TASK TO COMPLETE: Look below for the line with "Image of Oakley"; begin the copy there and stop after the line with "Carte ancienne de", keeping the text exact and the pictures out.

SUPPLIED RECORDS:
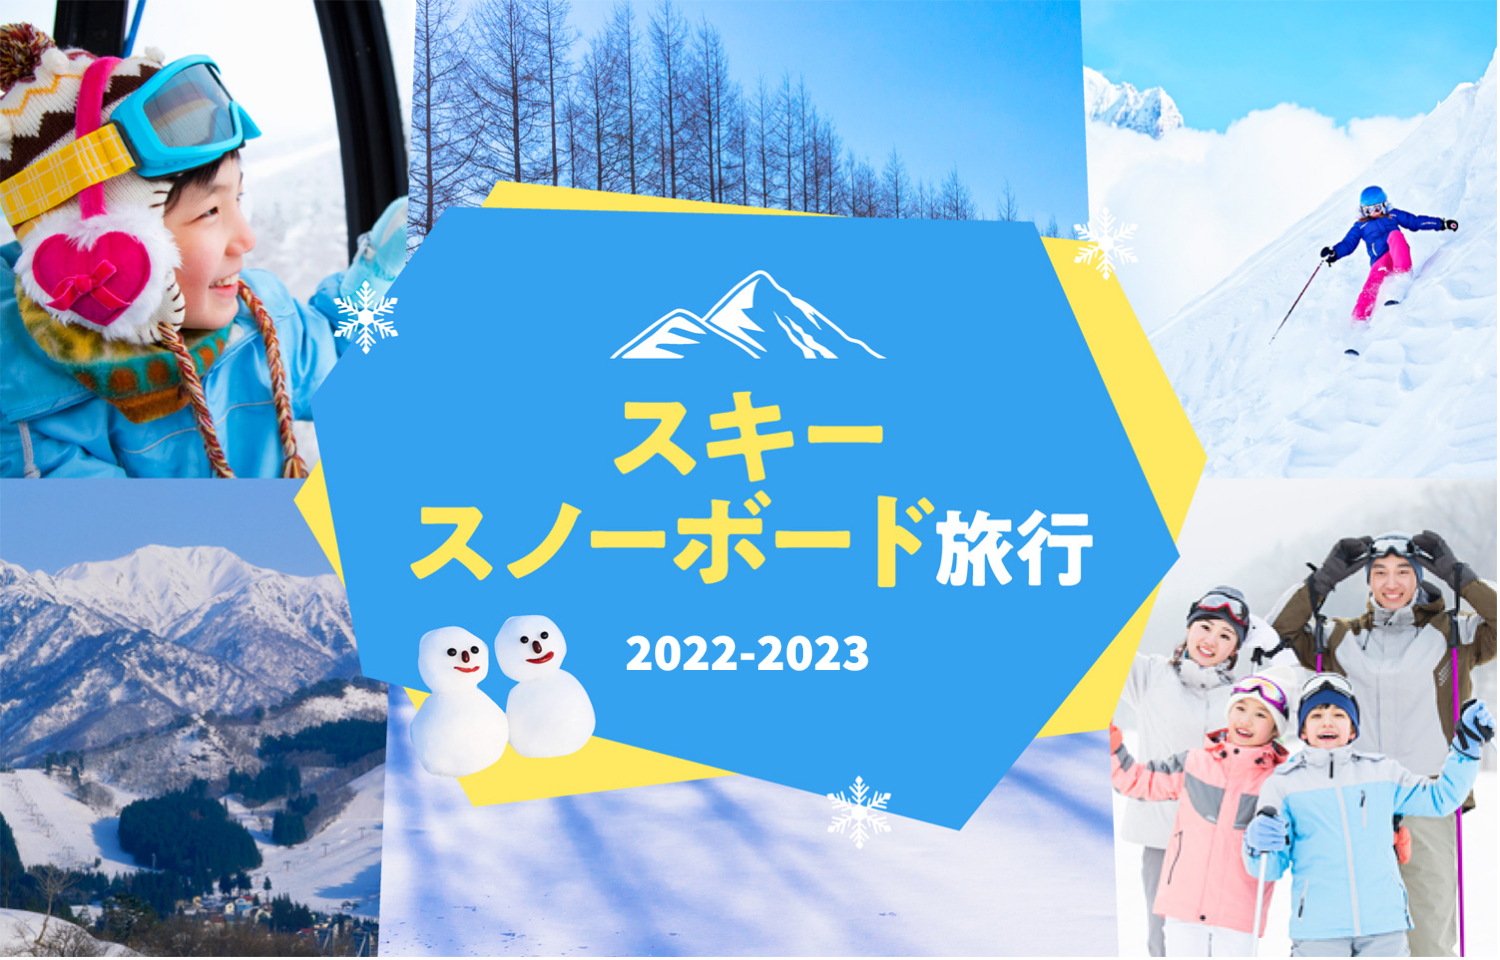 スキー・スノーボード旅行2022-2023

==

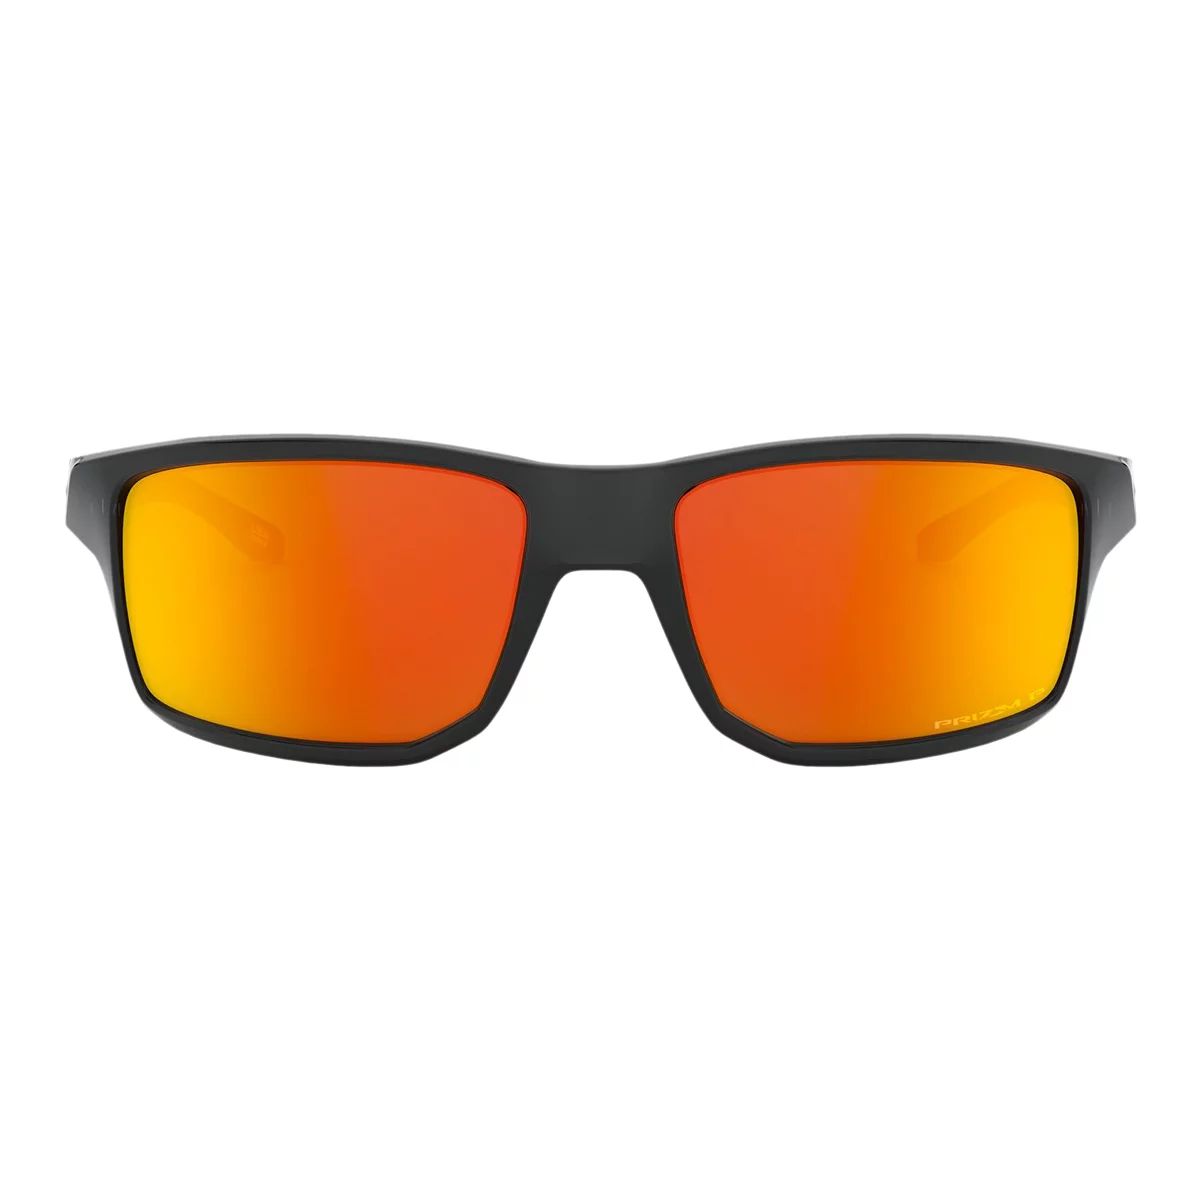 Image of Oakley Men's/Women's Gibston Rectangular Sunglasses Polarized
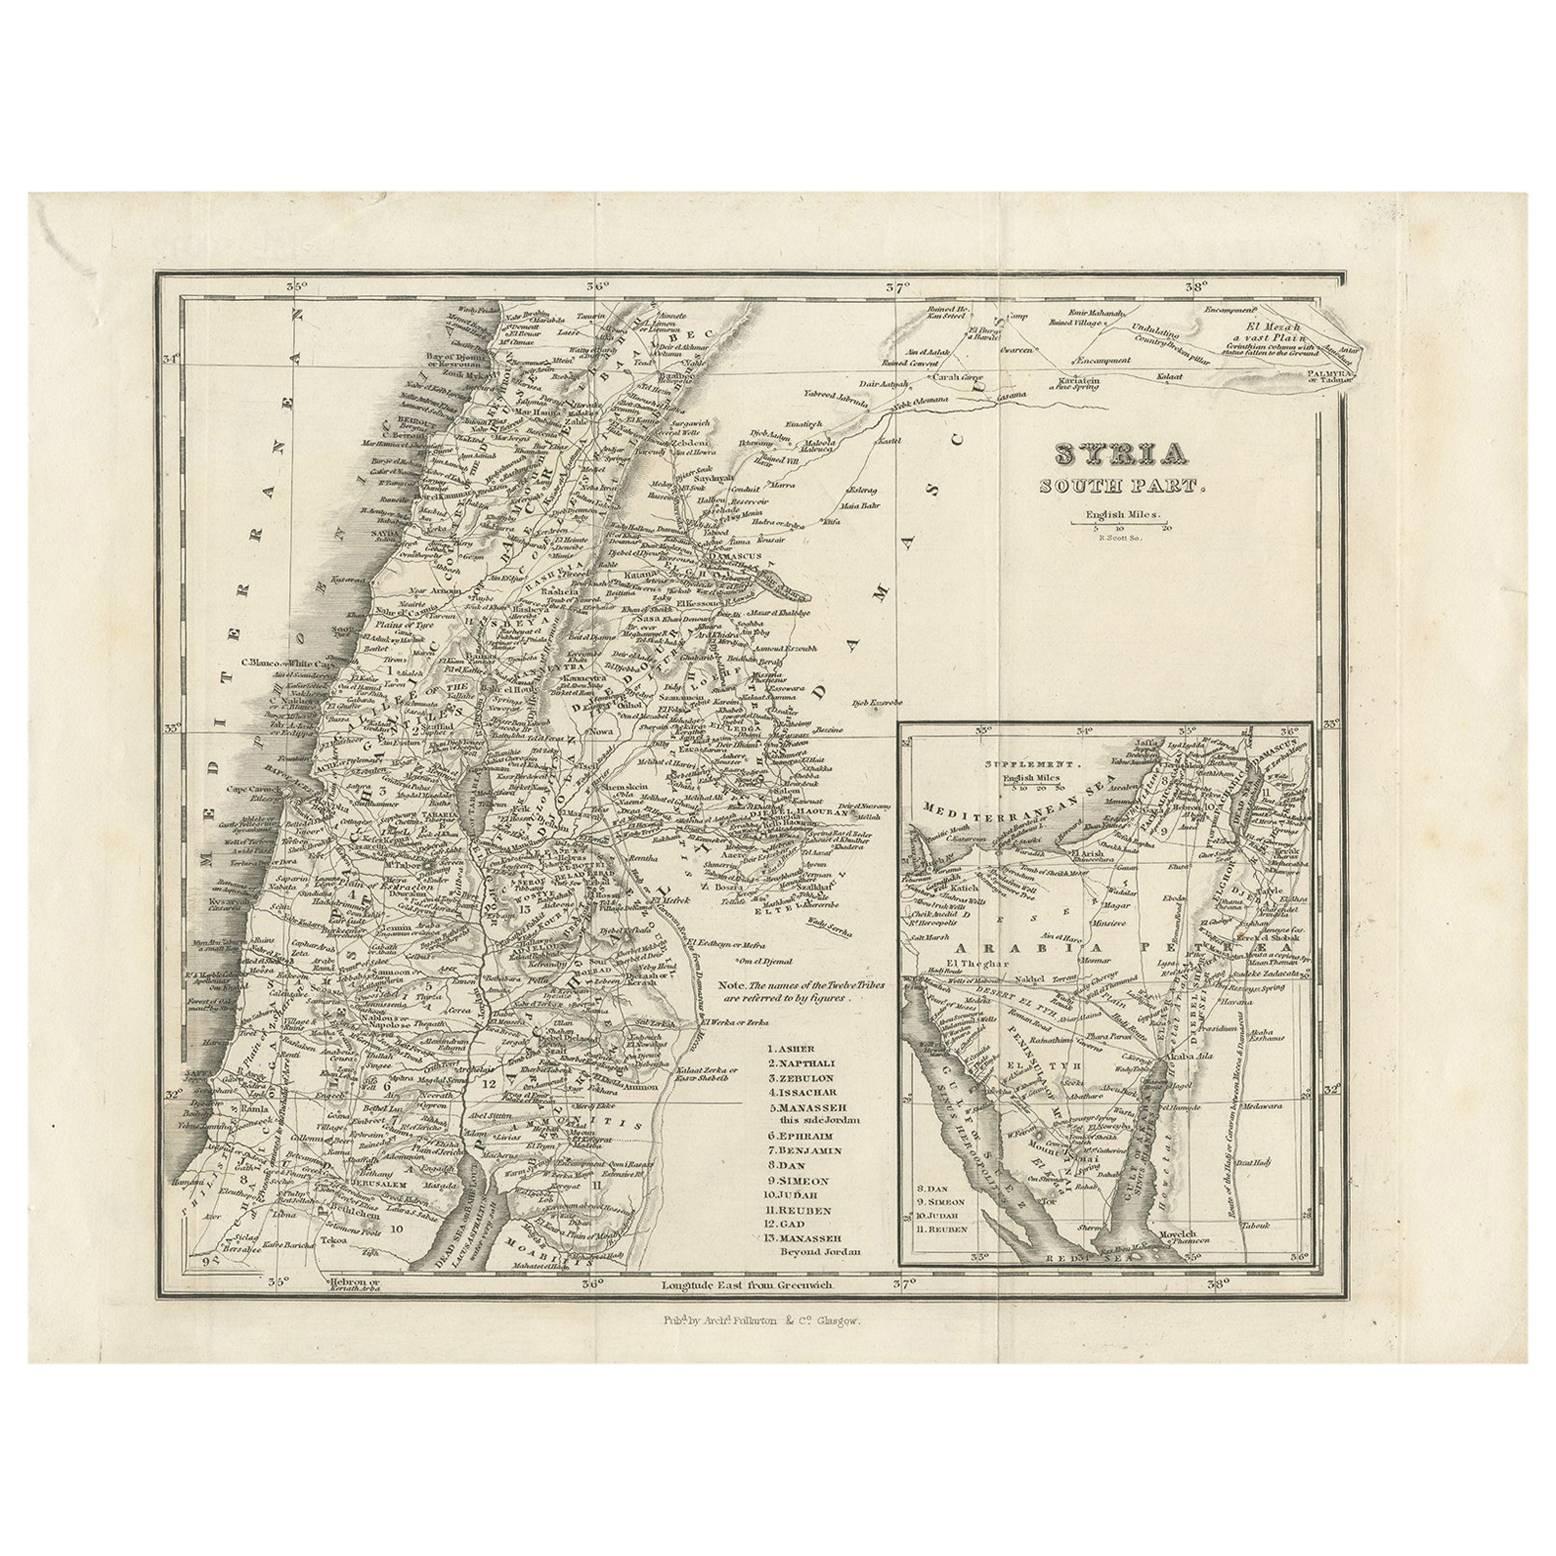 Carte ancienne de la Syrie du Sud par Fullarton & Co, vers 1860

...

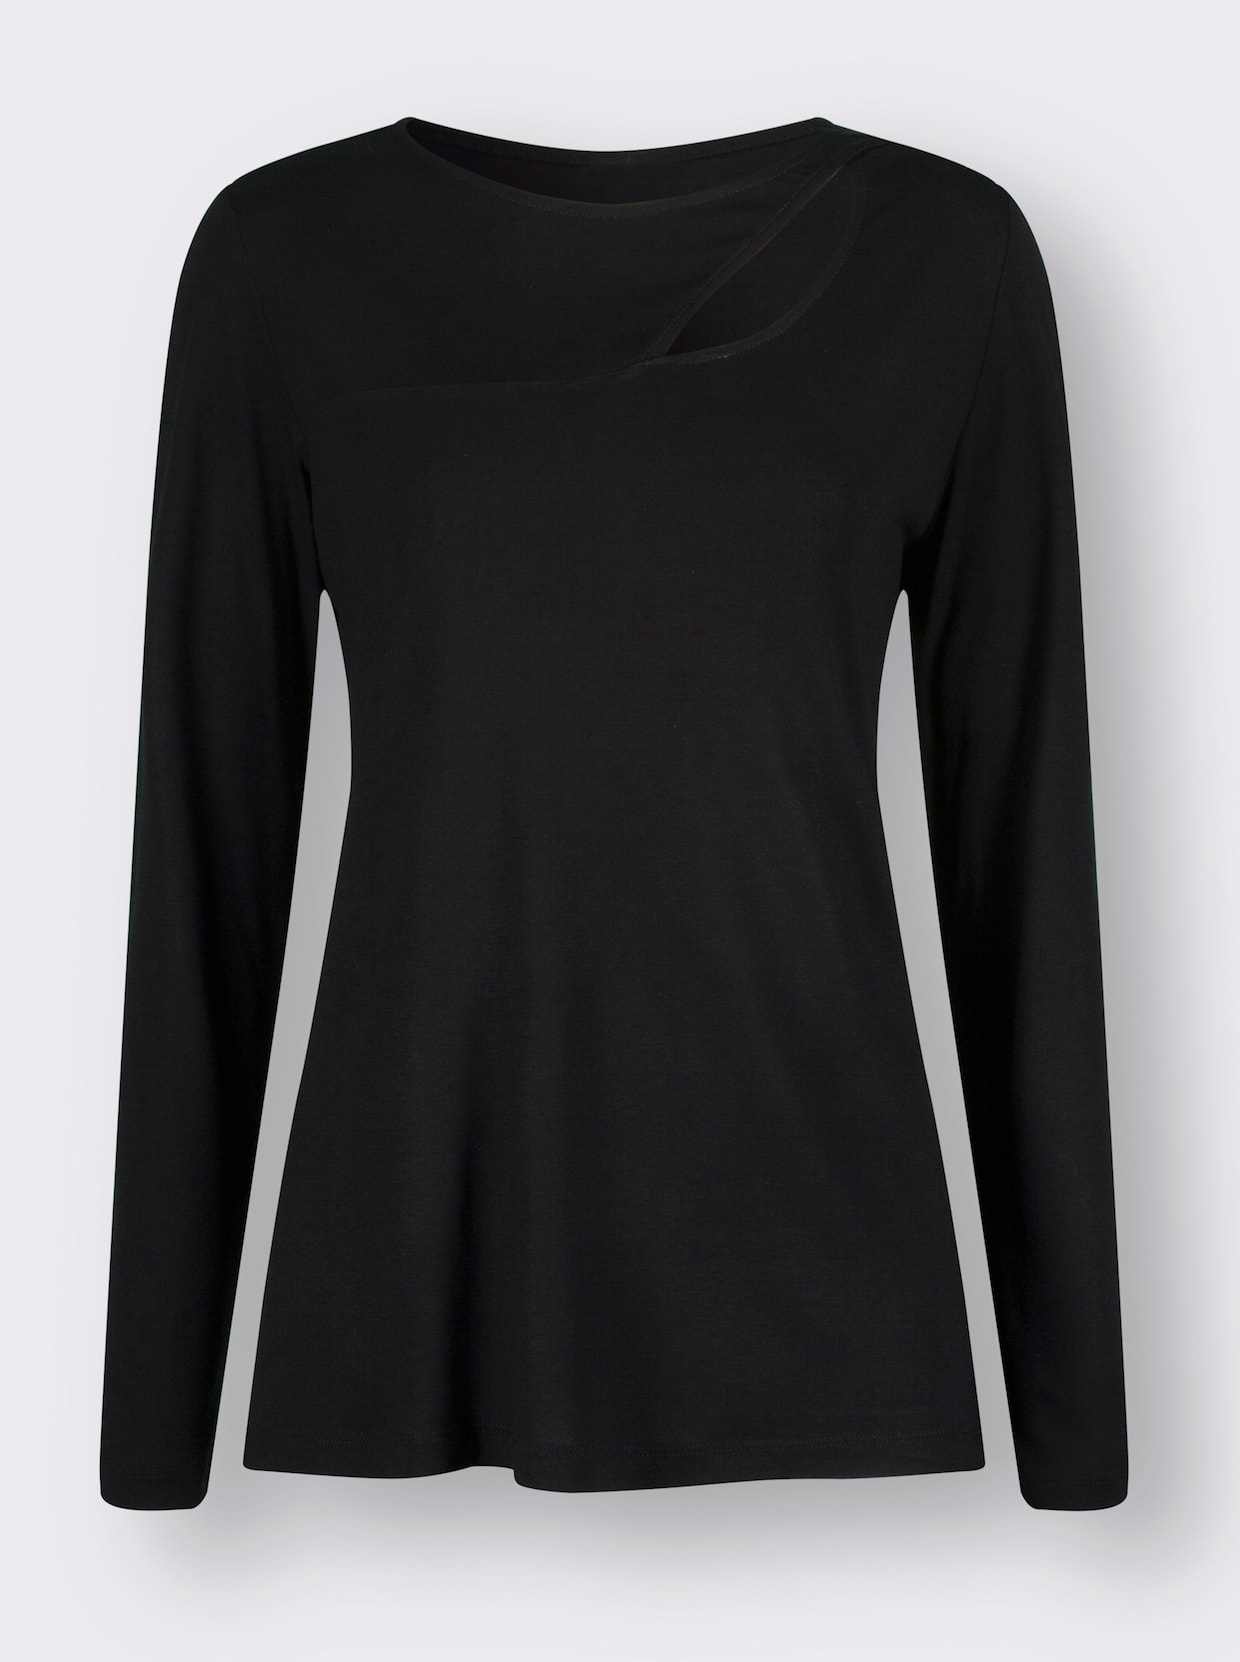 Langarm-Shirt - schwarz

ANSWER SECTION:
 Image of Oakley Men's/Women's Gibston Rectangular Sunglasses Polarized
 Carte ancienne de la Syrie du Sud par Fullarton & Co, vers 1860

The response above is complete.